- [DATA SECTION]
.....
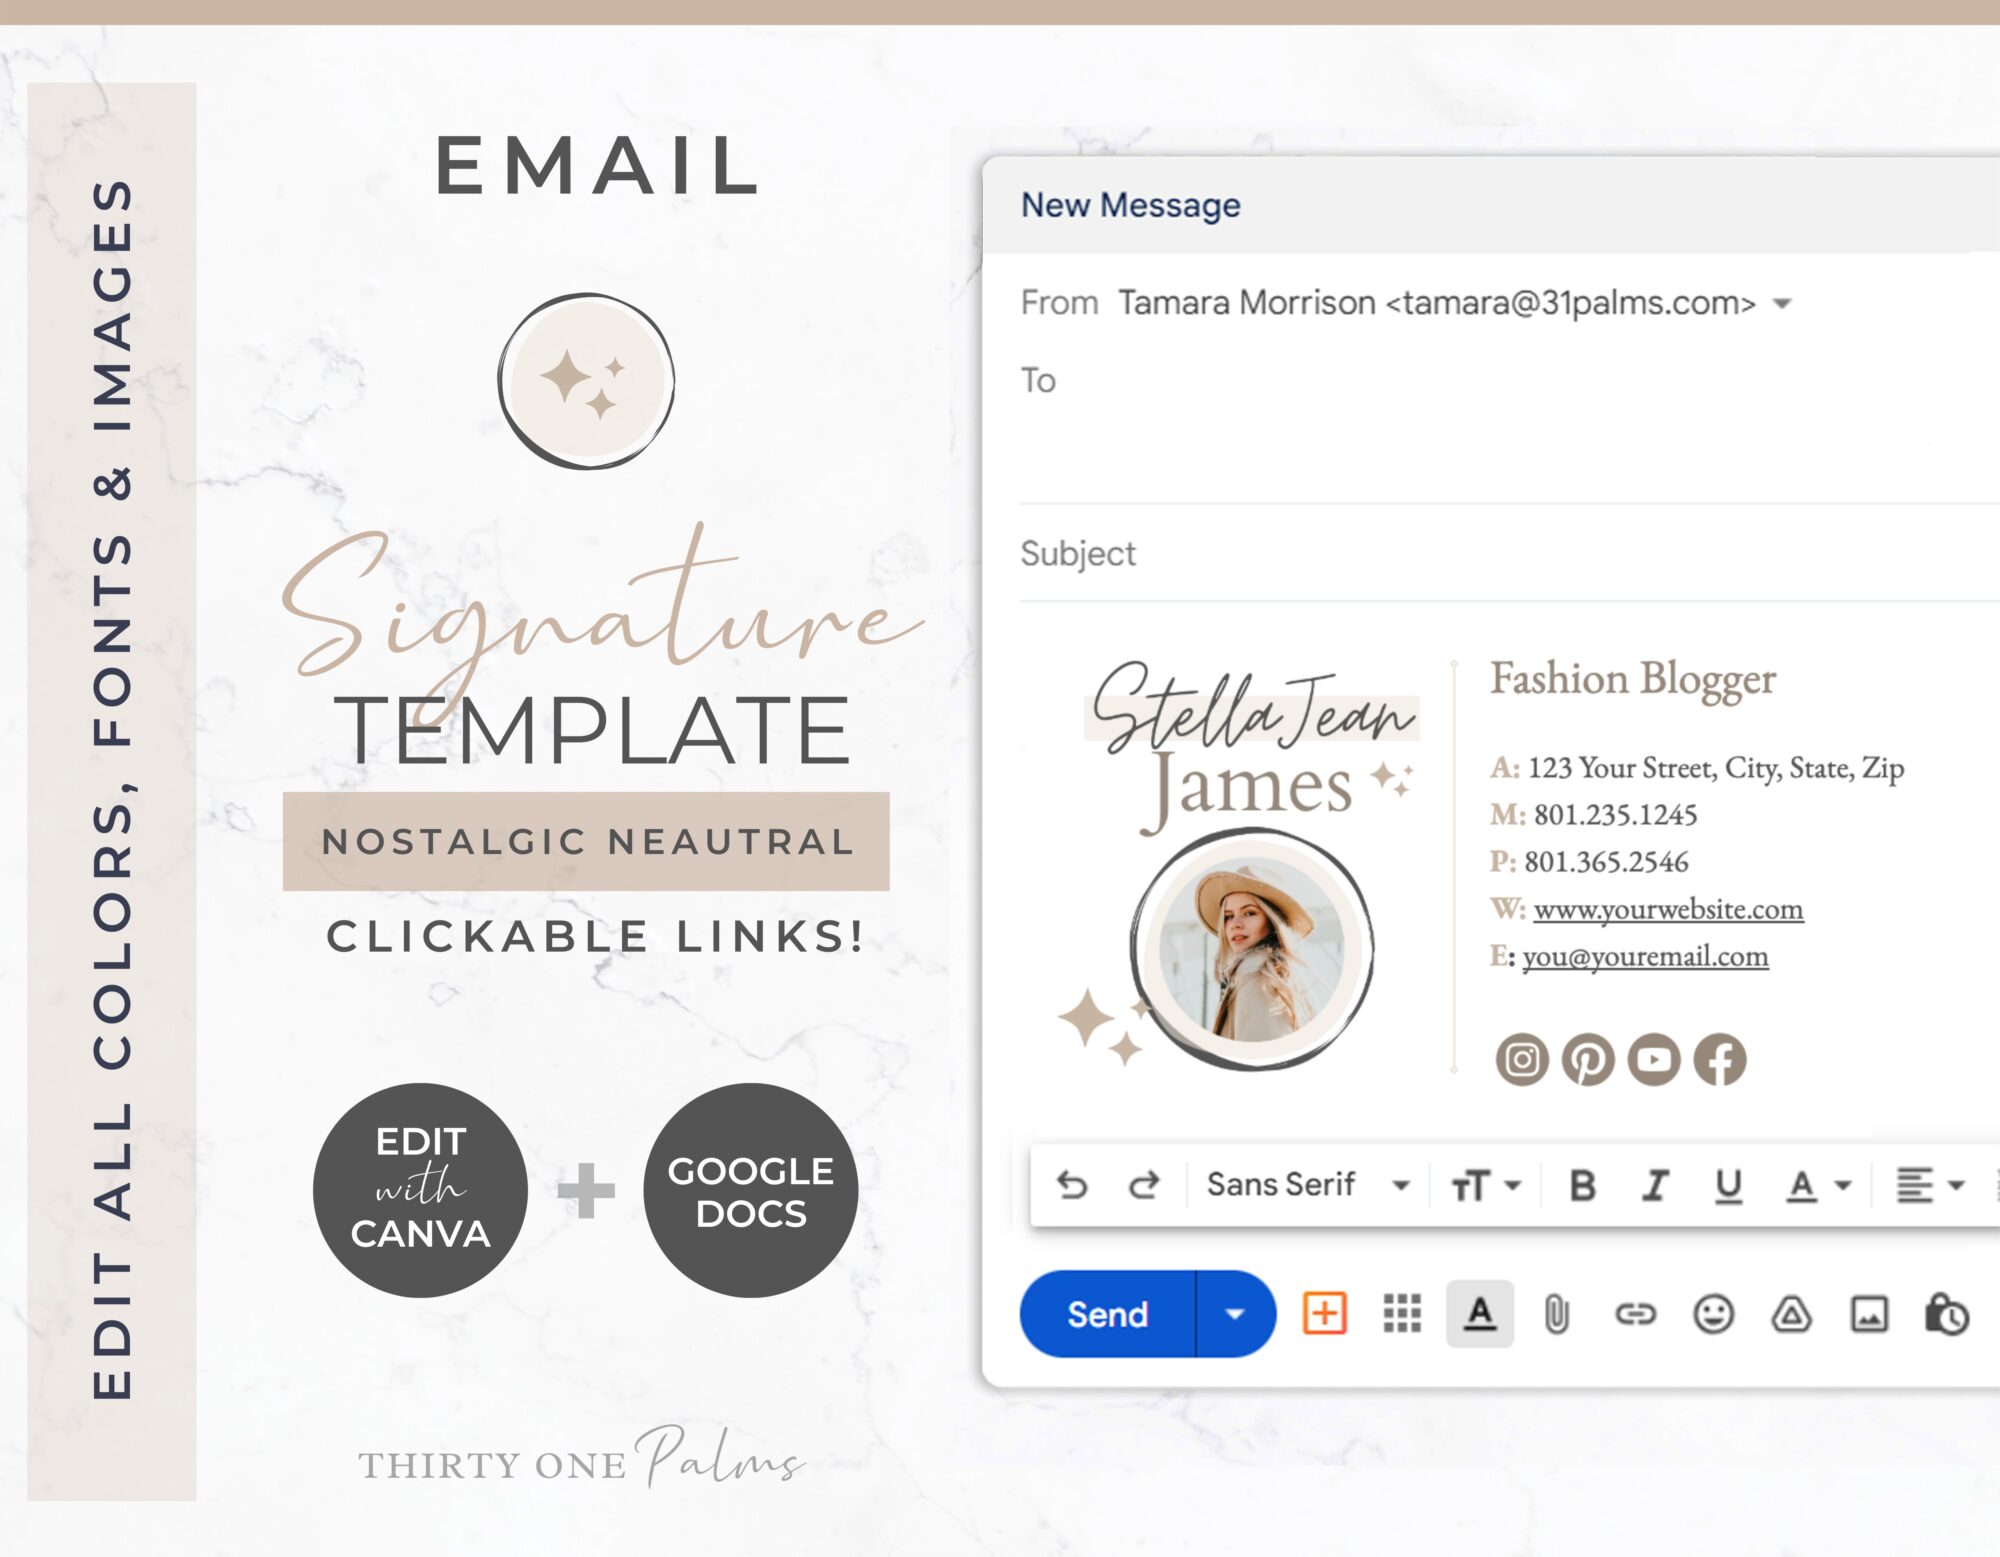 Gmail Email Signature Template for Canva – Nostalgic Neutral
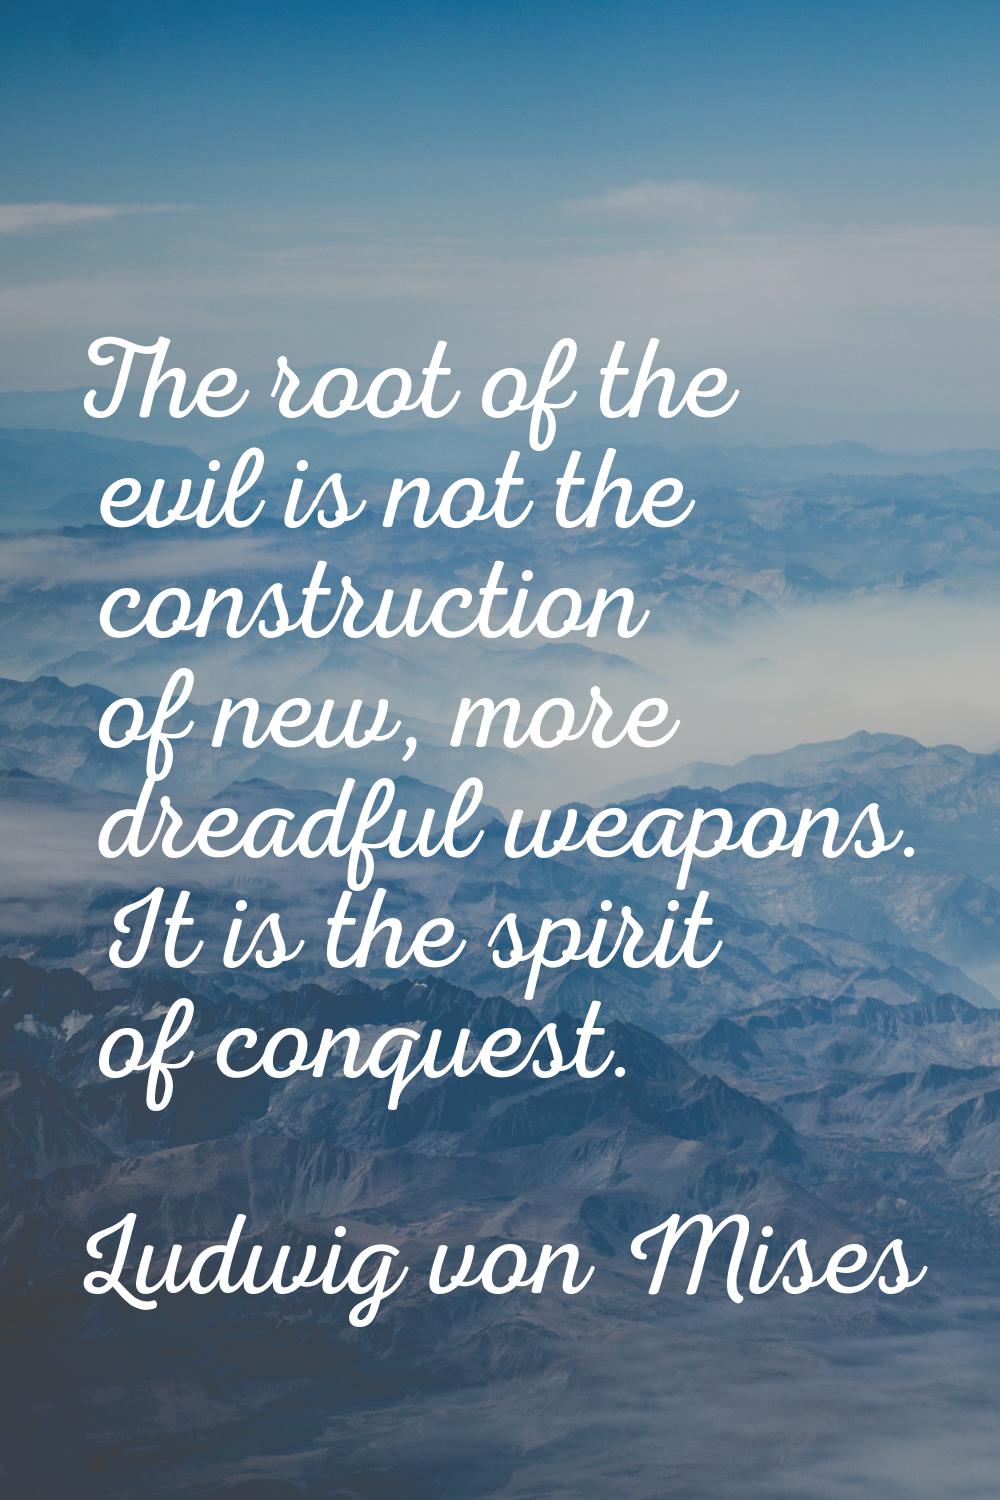 The root of the evil is not the construction of new, more dreadful weapons. It is the spirit of con
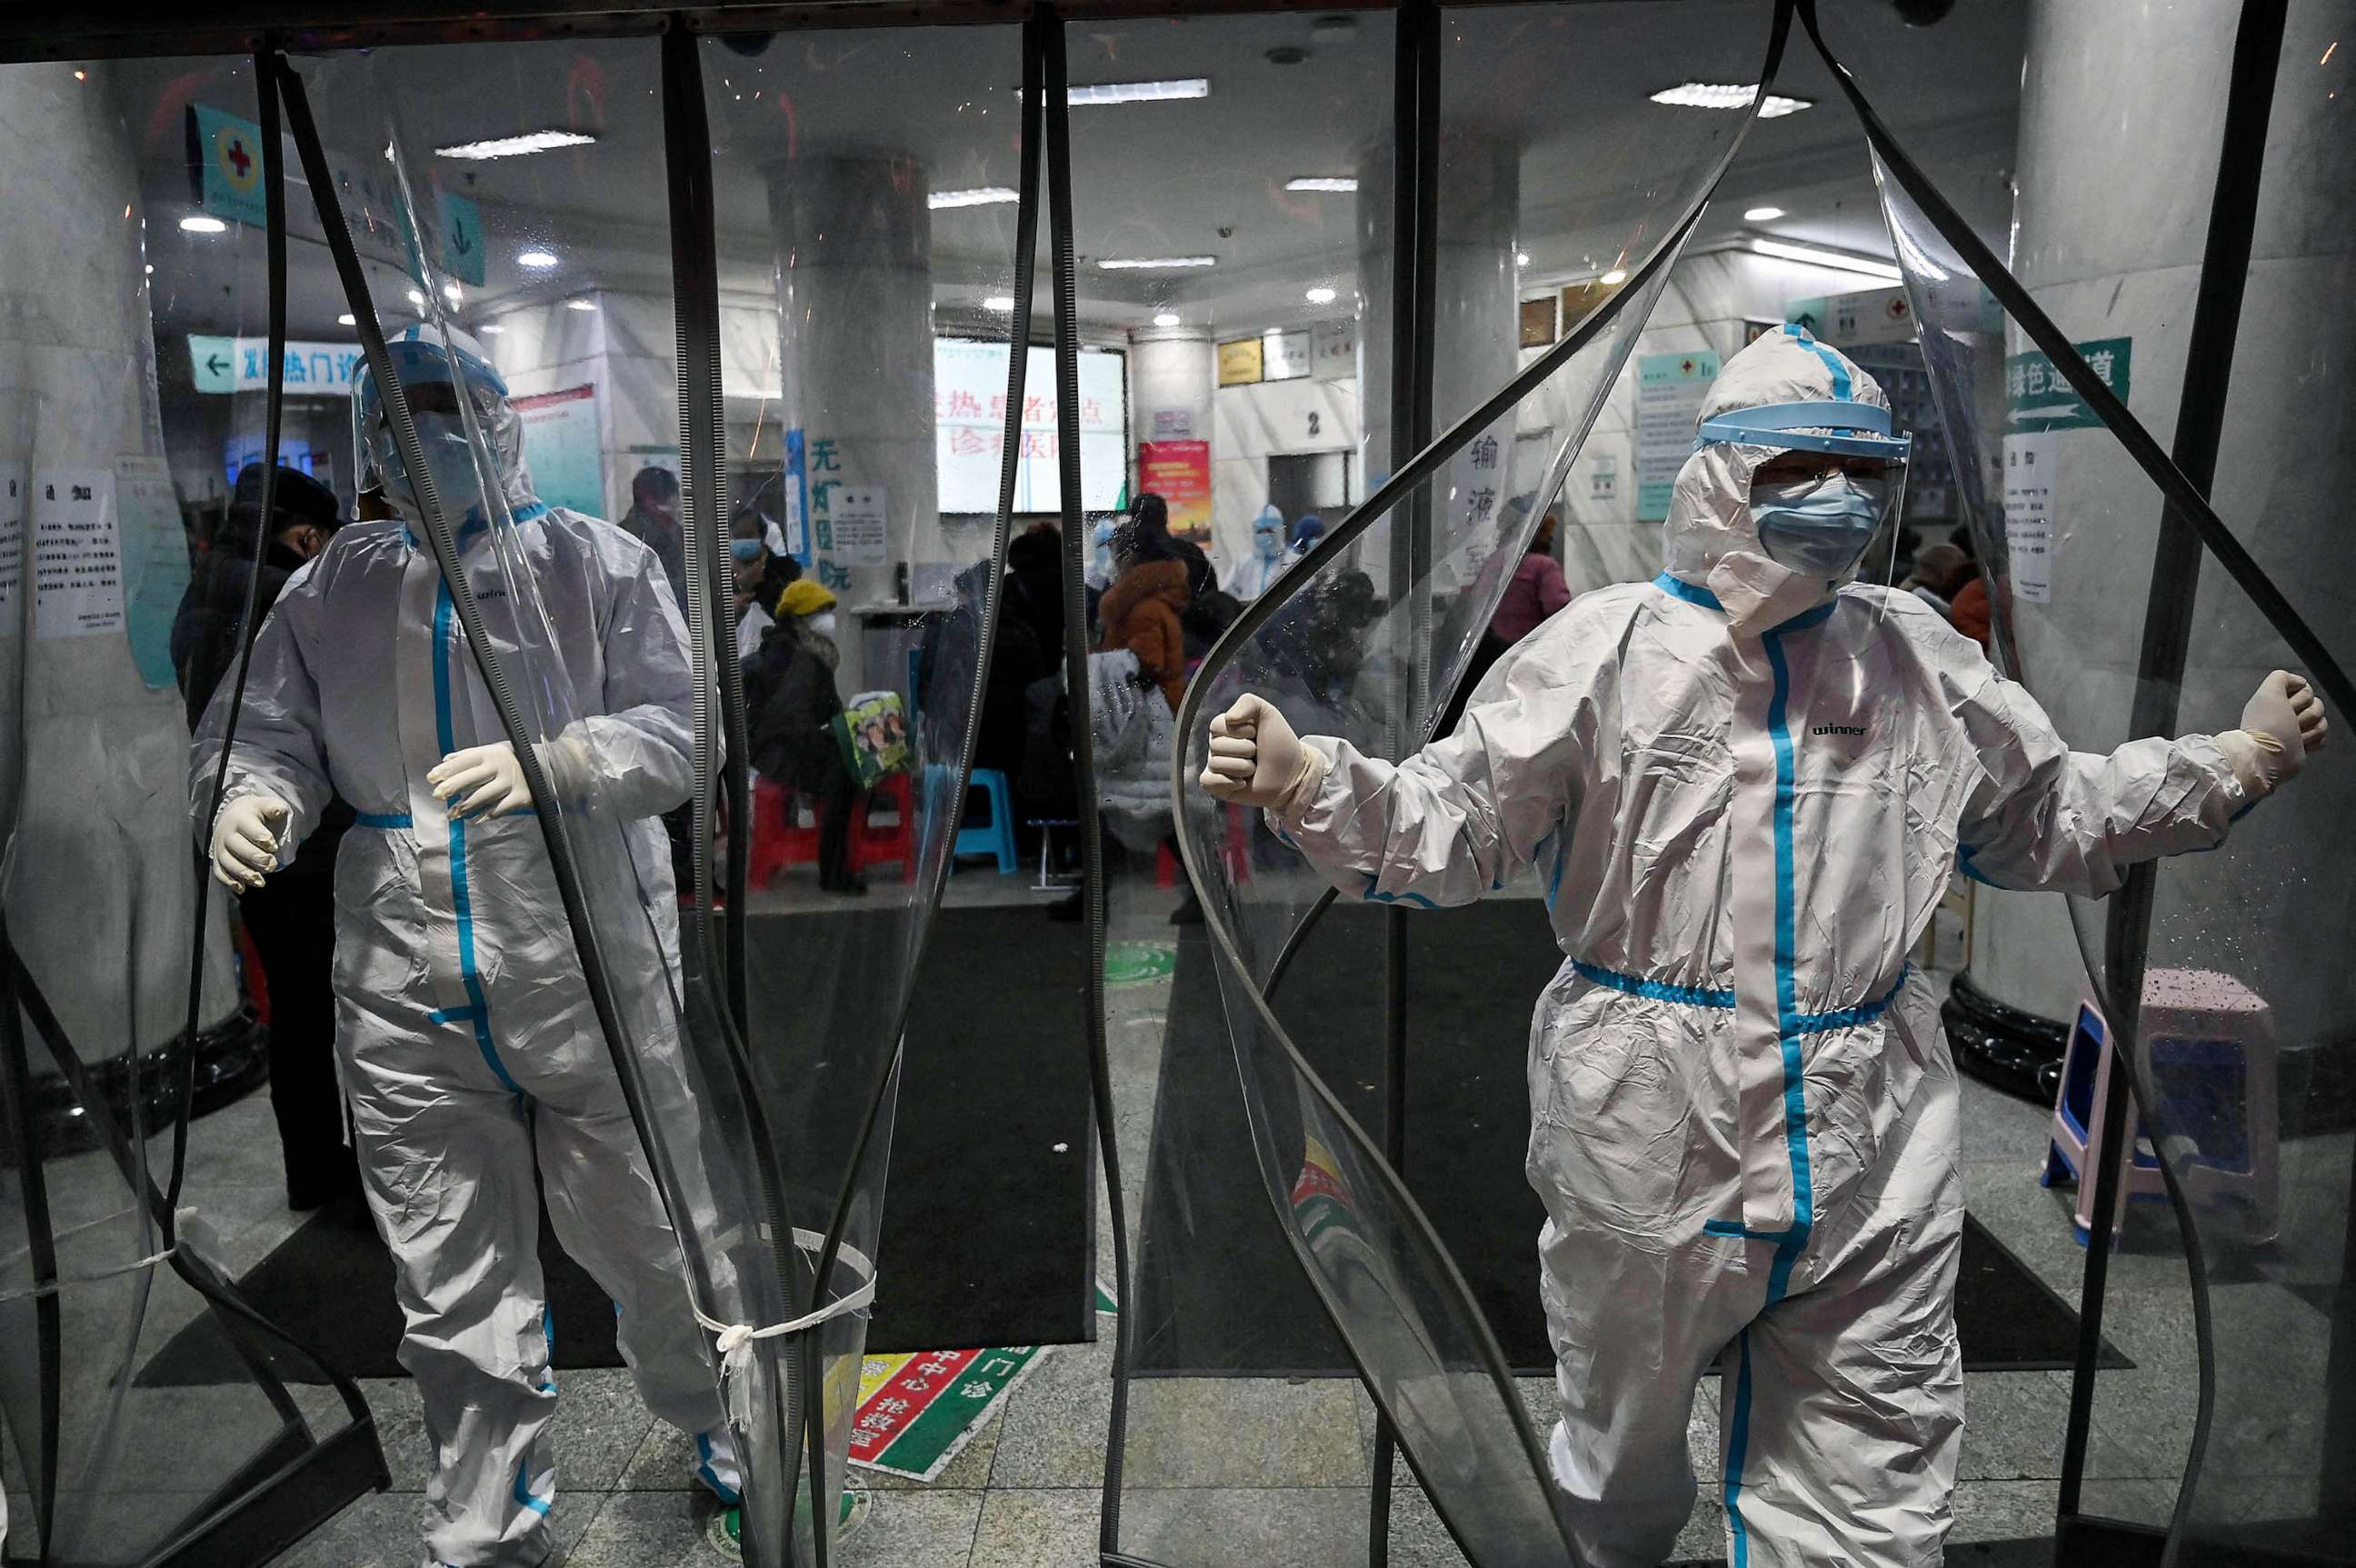 PHOTO: FILE - This file photo taken on Jan. 25, 2020 shows medical staff members, wearing protective clothing at the Wuhan Red Cross Hospital in Wuhan, as the city struggled with the outbreak of the once-mysterious virus.
.....
- [PROBLEM TO WORK ON]
Go to the line containing "The root of", then write out word for word every line from there to the end of the listing. Keep both end lines and drop the pictures.

- [OUTPUT FOR THIS EXERCISE]
 The root of the evil is not the construction of new, more dreadful weapons. It is the spirit of con
 PHOTO: FILE - This file photo taken on Jan. 25, 2020 shows medical staff members, wearing protective clothing at the Wuhan Red Cross Hospital in Wuhan, as the city struggled with the outbreak of the once-mysterious virus.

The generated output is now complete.